◆ EXERCISE INSTRUCTIONS: Repeat every line of the data exactly; the pictures stay out.

** GIVEN INFORMATION follows **

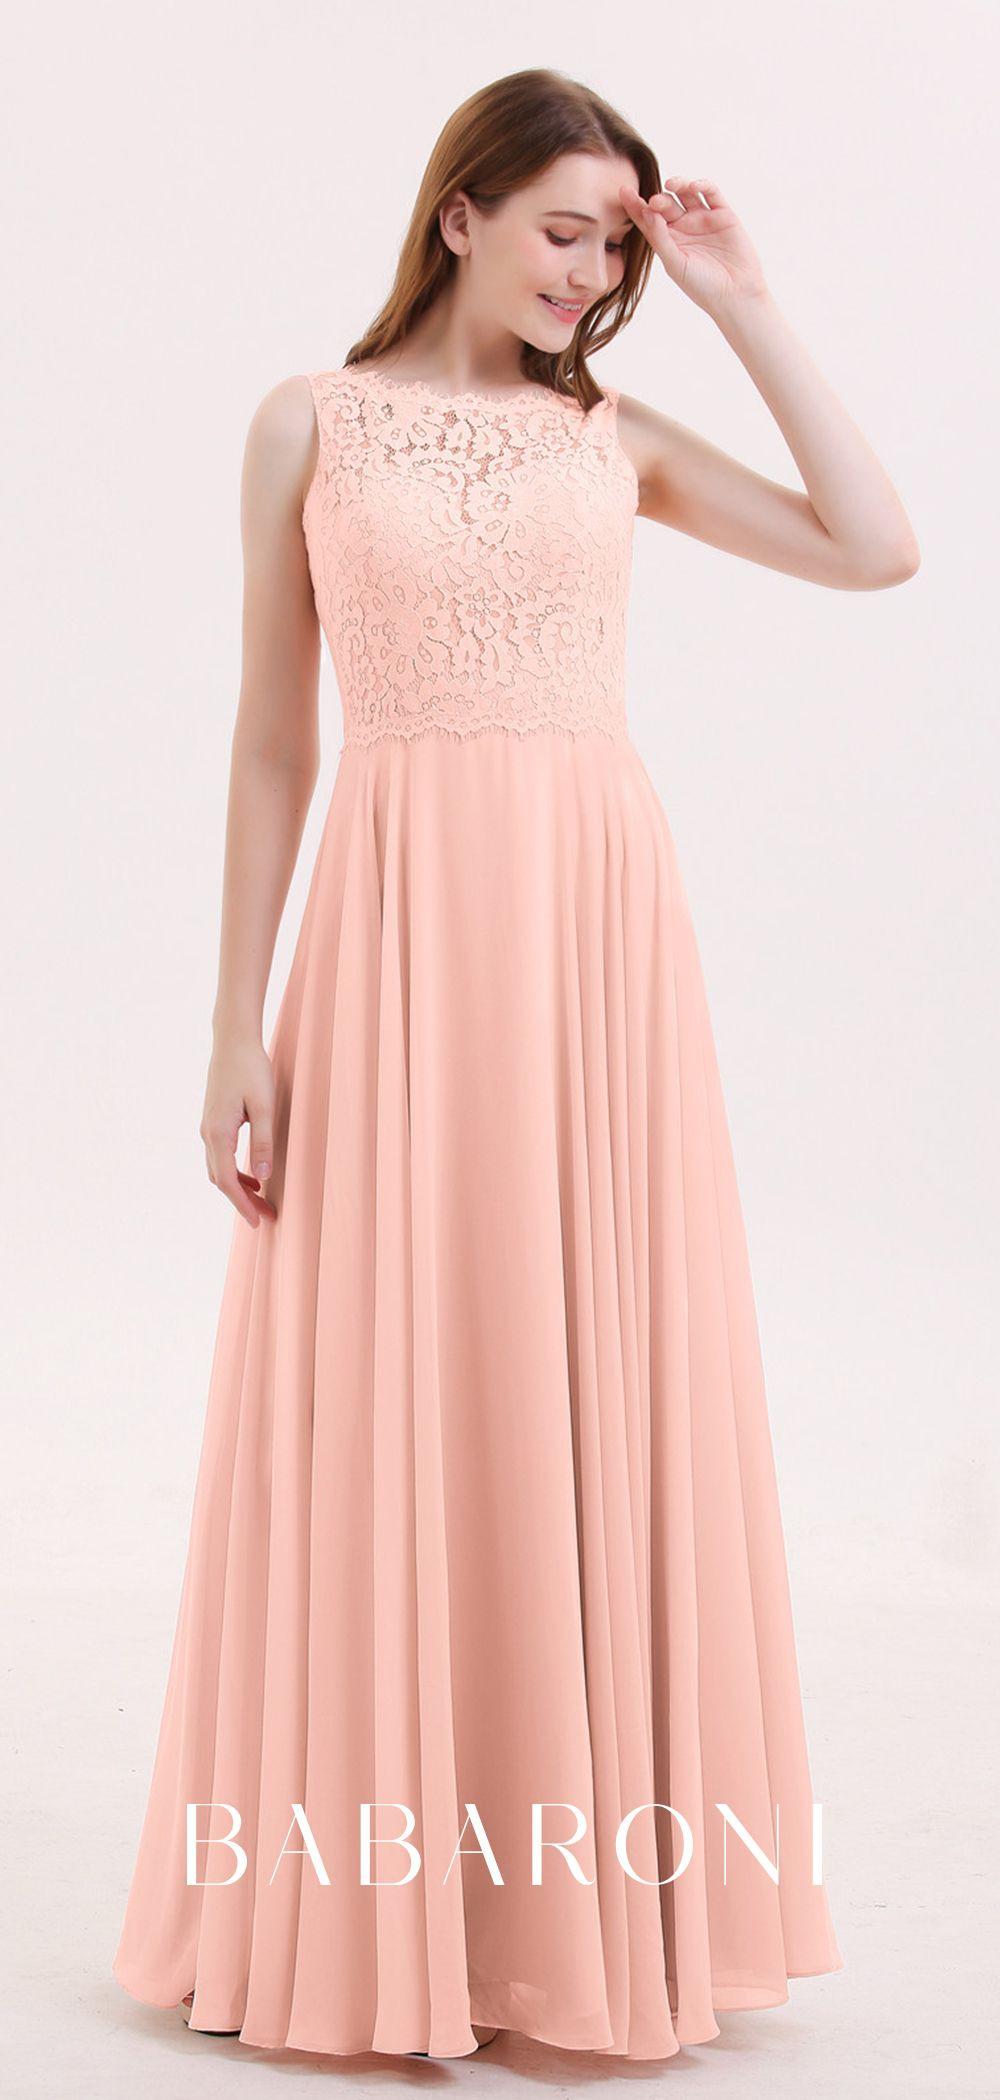 Designer Spektakulär Kleid Koralle Lang SpezialgebietDesigner Cool Kleid Koralle Lang Galerie
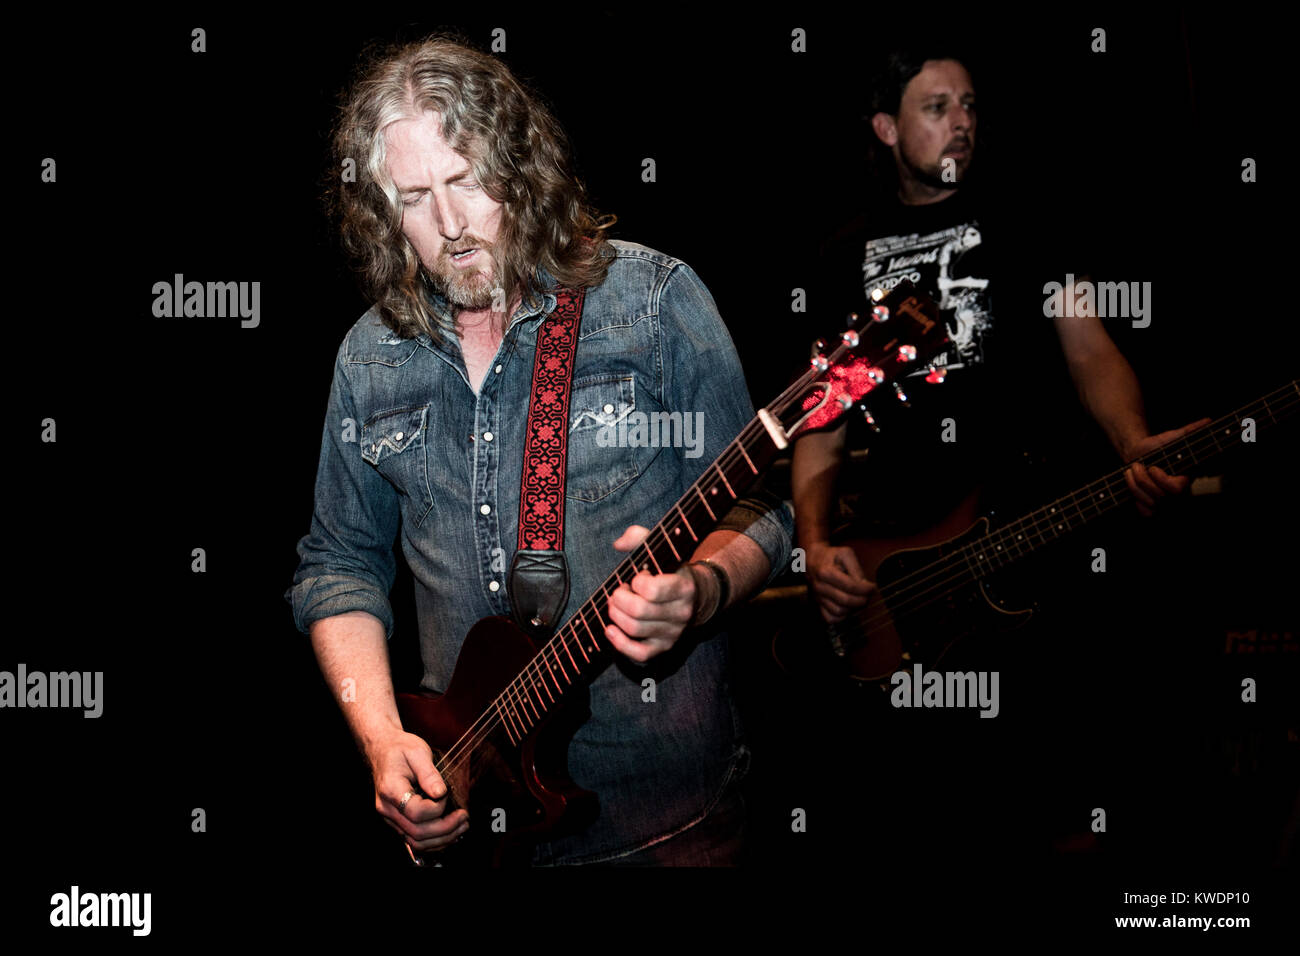 Barcelona, Spain. October 27, 2017. Concert by Leadfinger in Marula Café. Organized by A Wamba Buluba. Photographer: - Stock Image
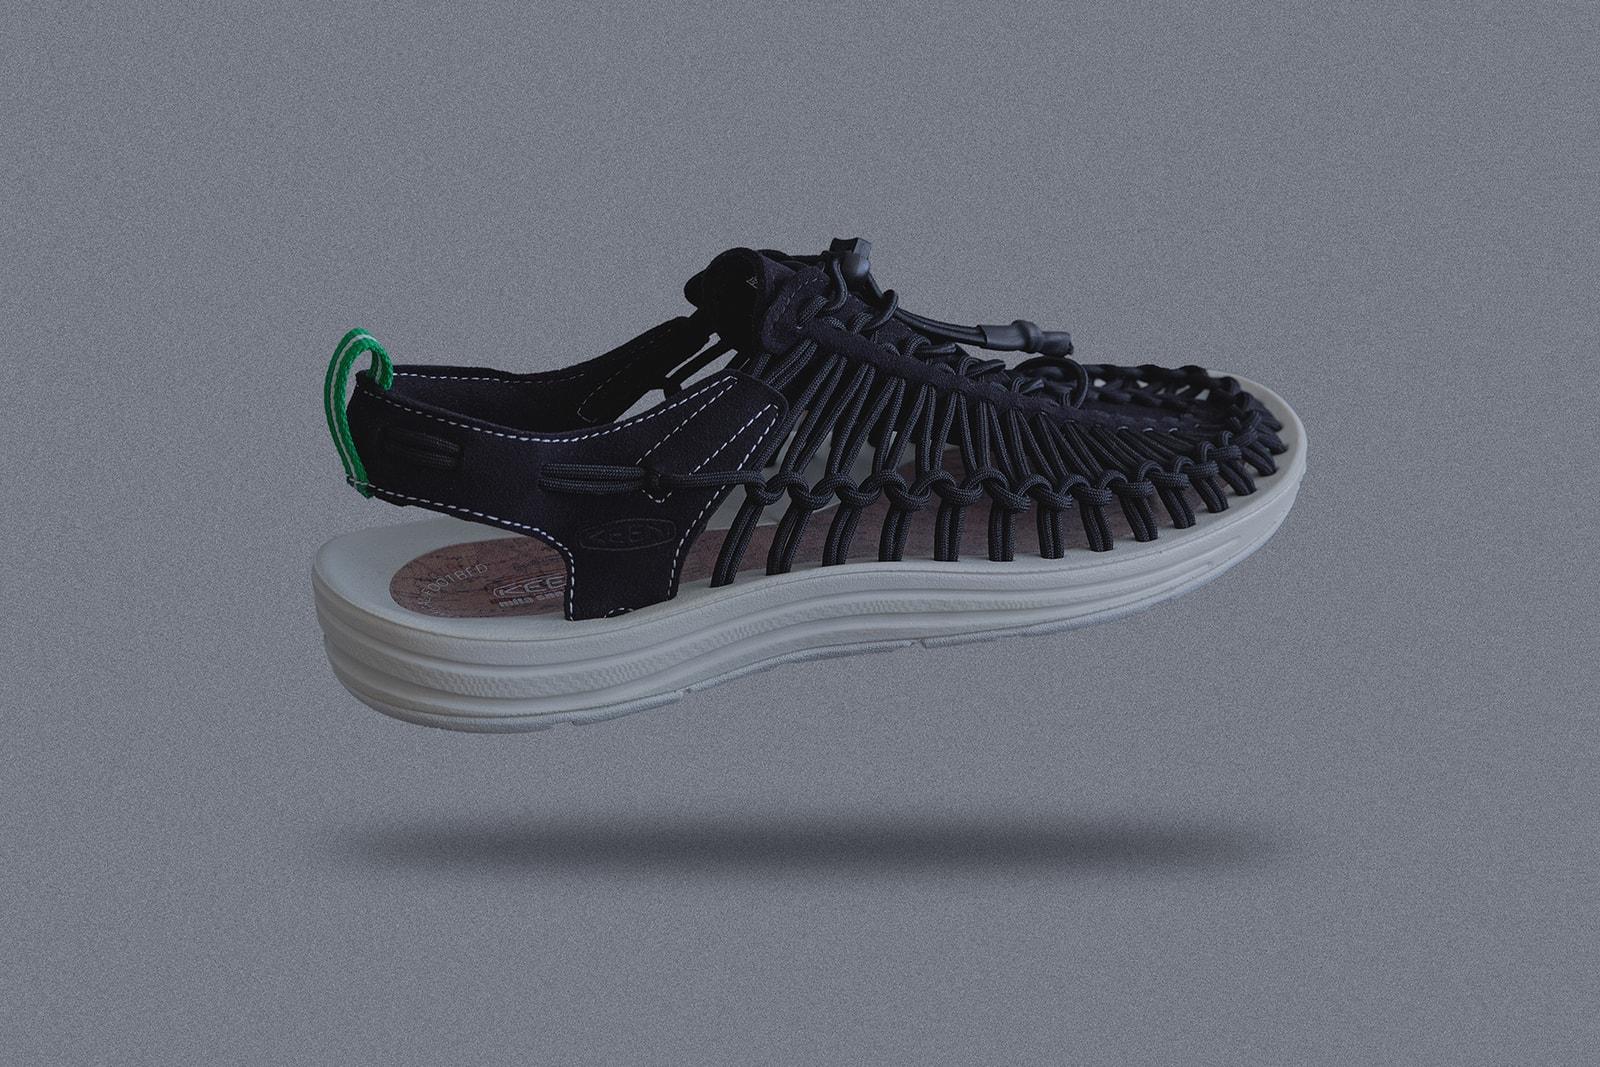 mita sneakers x KEEN 全新 UNEEK 聯名系列正式上架

** End of GIVEN INFORMATION **

◆ OUTPUT BELOW:
 Designer Spektakulär Kleid Koralle Lang SpezialgebietDesigner Cool Kleid Koralle Lang Galerie
 Barcelona, Spain. October 27, 2017. Concert by Leadfinger in Marula Café. Organized by A Wamba Buluba. Photographer: - Stock Image
 mita sneakers x KEEN 全新 UNEEK 聯名系列正式上架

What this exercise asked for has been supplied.